• What is required
Your response should be an exact transcription of the data, images excluded.

• The data
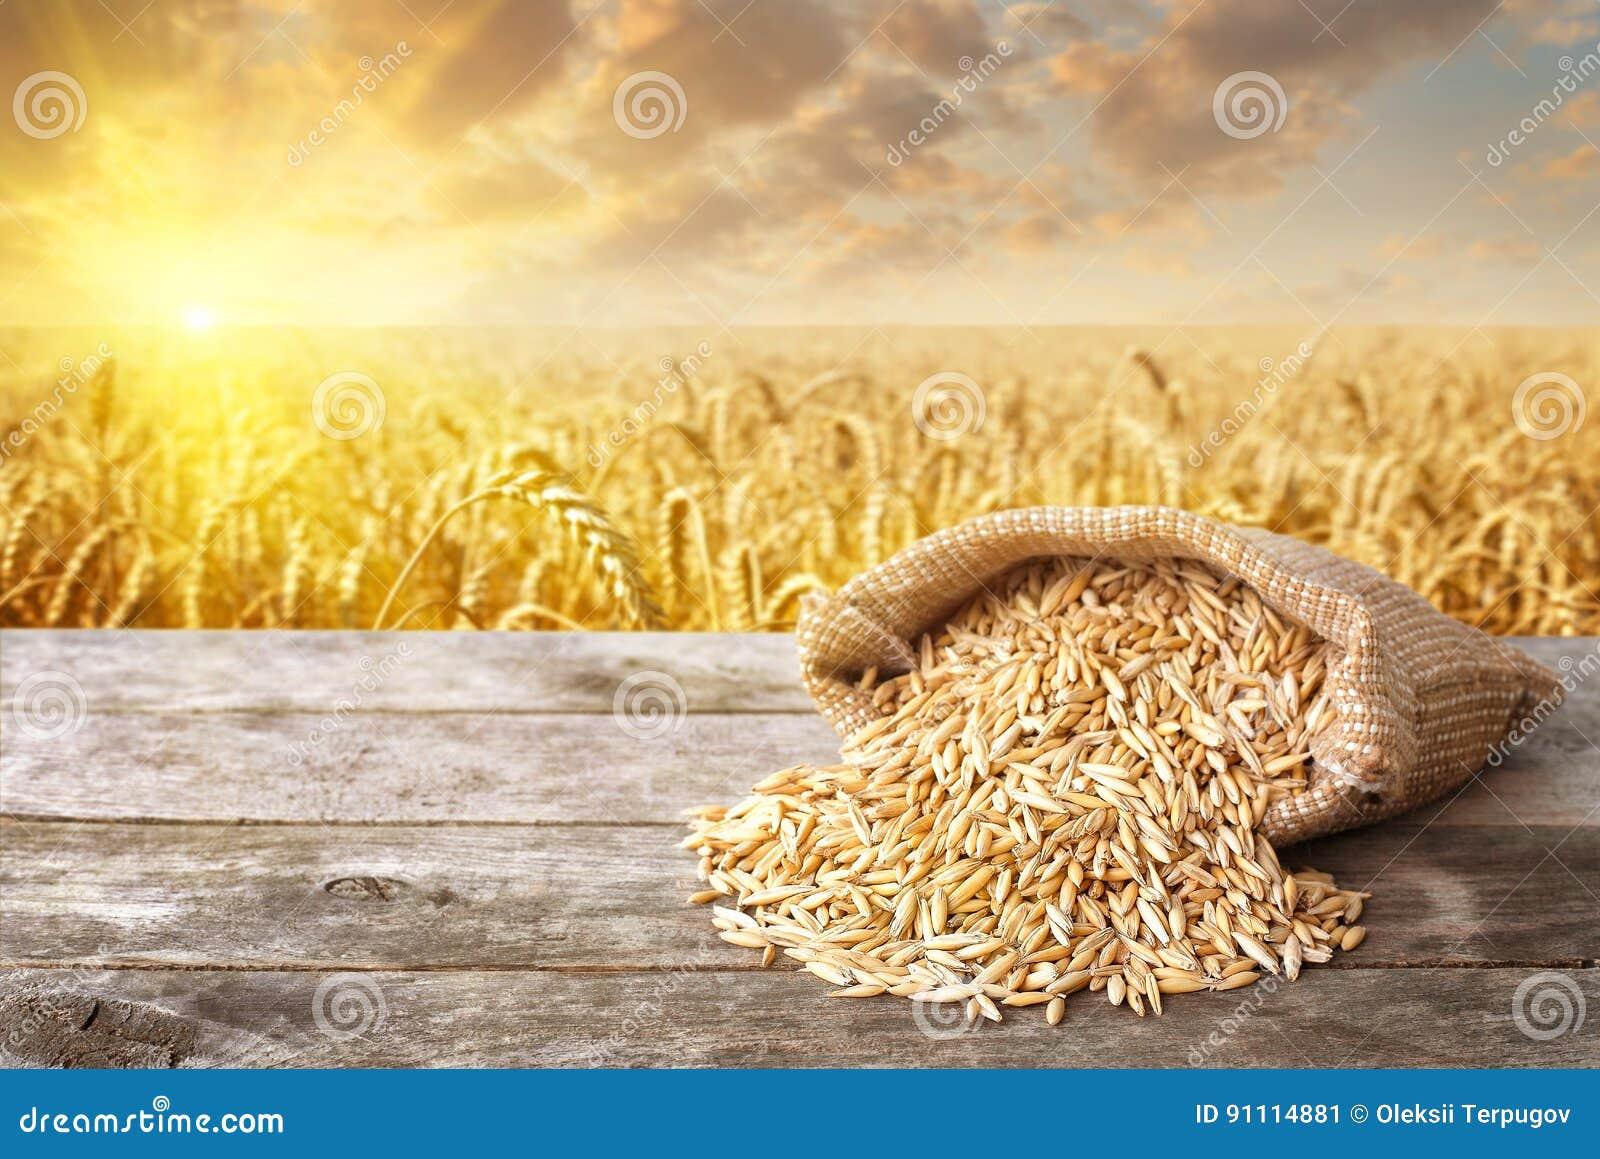 Cascara de los cereales
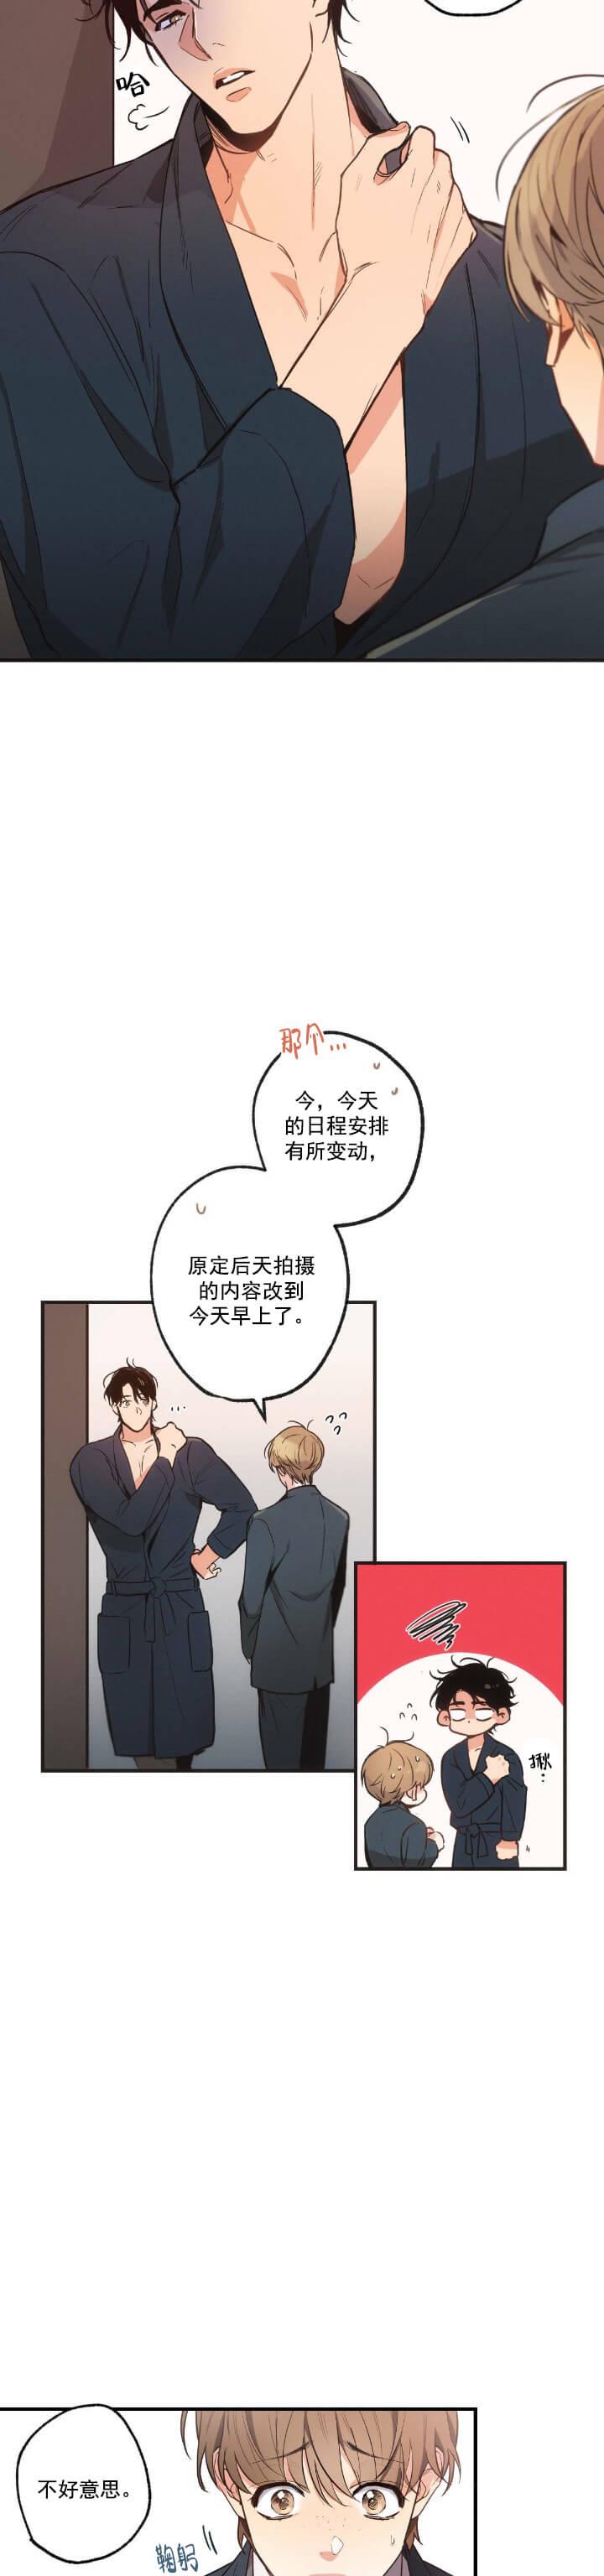 韩漫 |《别用有心的恋爱史》浴室play,全程不打M!  第4张
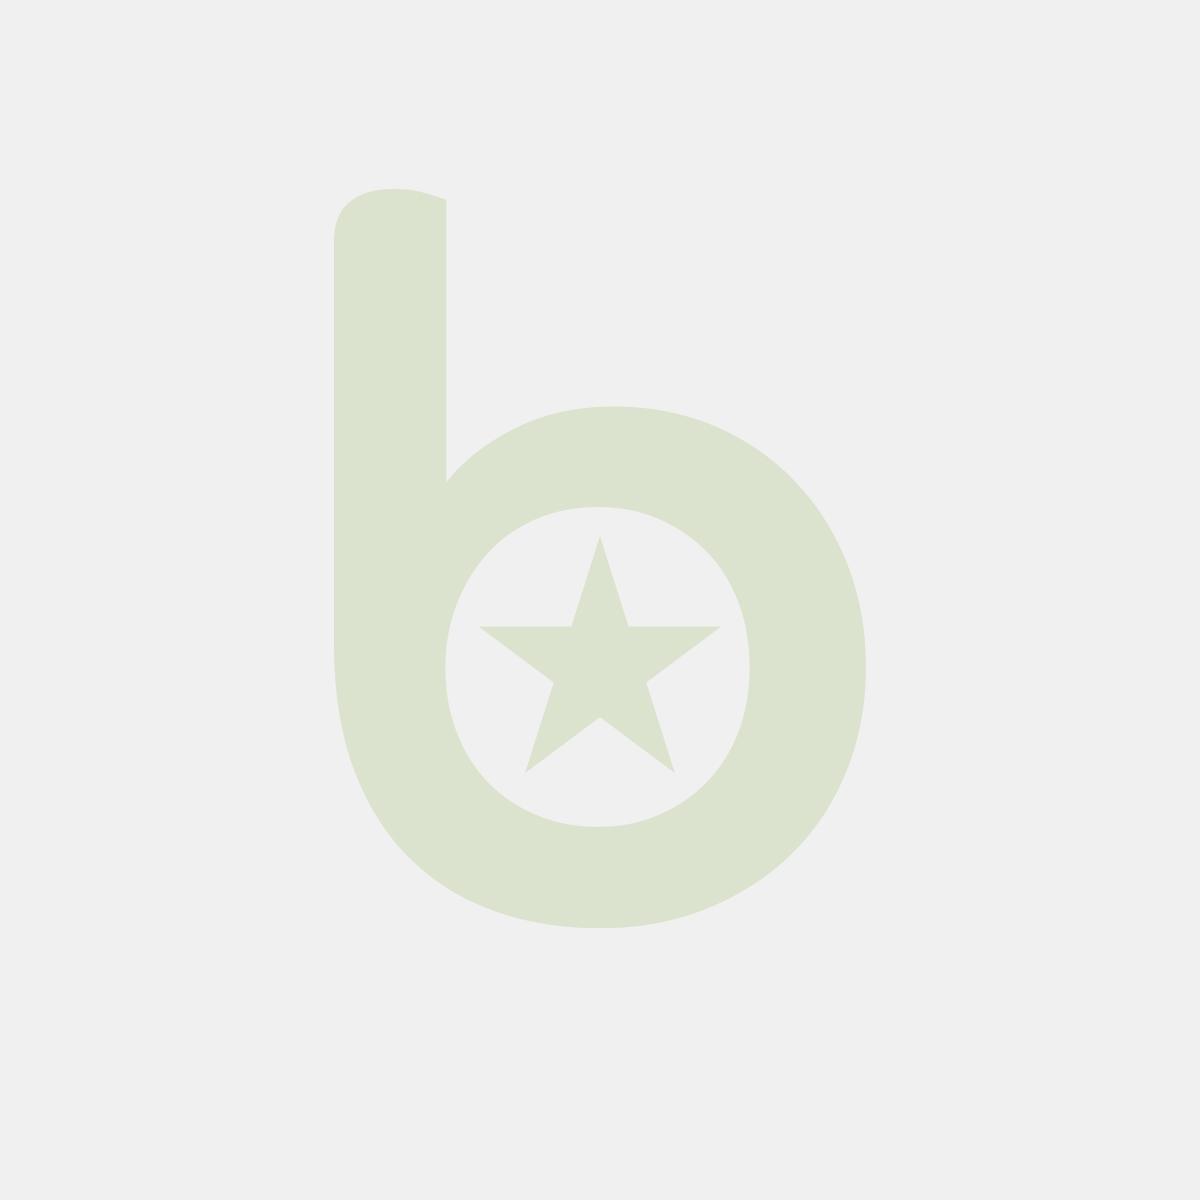 Miska biała styropianowa 354ml HUHTAMAKI, opakowanie 50szt
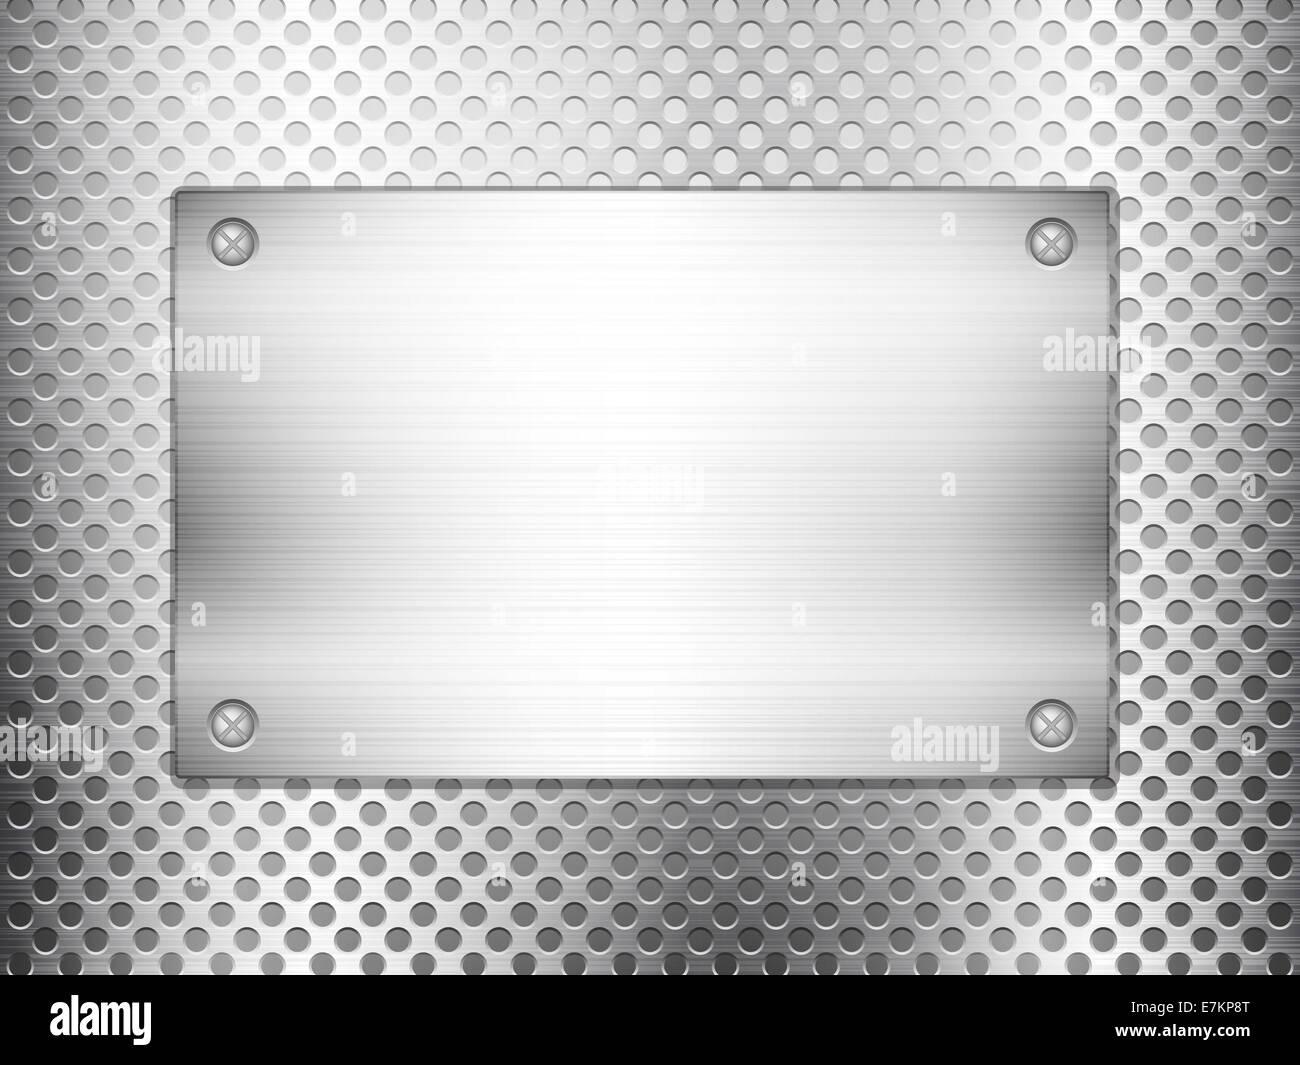 Ausgezeichnet Xhhw Aluminiumdraht Galerie - Elektrische Schaltplan ...

• Solution for this problem
 Cascara de los cereales
 韩漫 |《别用有心的恋爱史》浴室play,全程不打M!  第4张
 Miska biała styropianowa 354ml HUHTAMAKI, opakowanie 50szt
 Ausgezeichnet Xhhw Aluminiumdraht Galerie - Elektrische Schaltplan ...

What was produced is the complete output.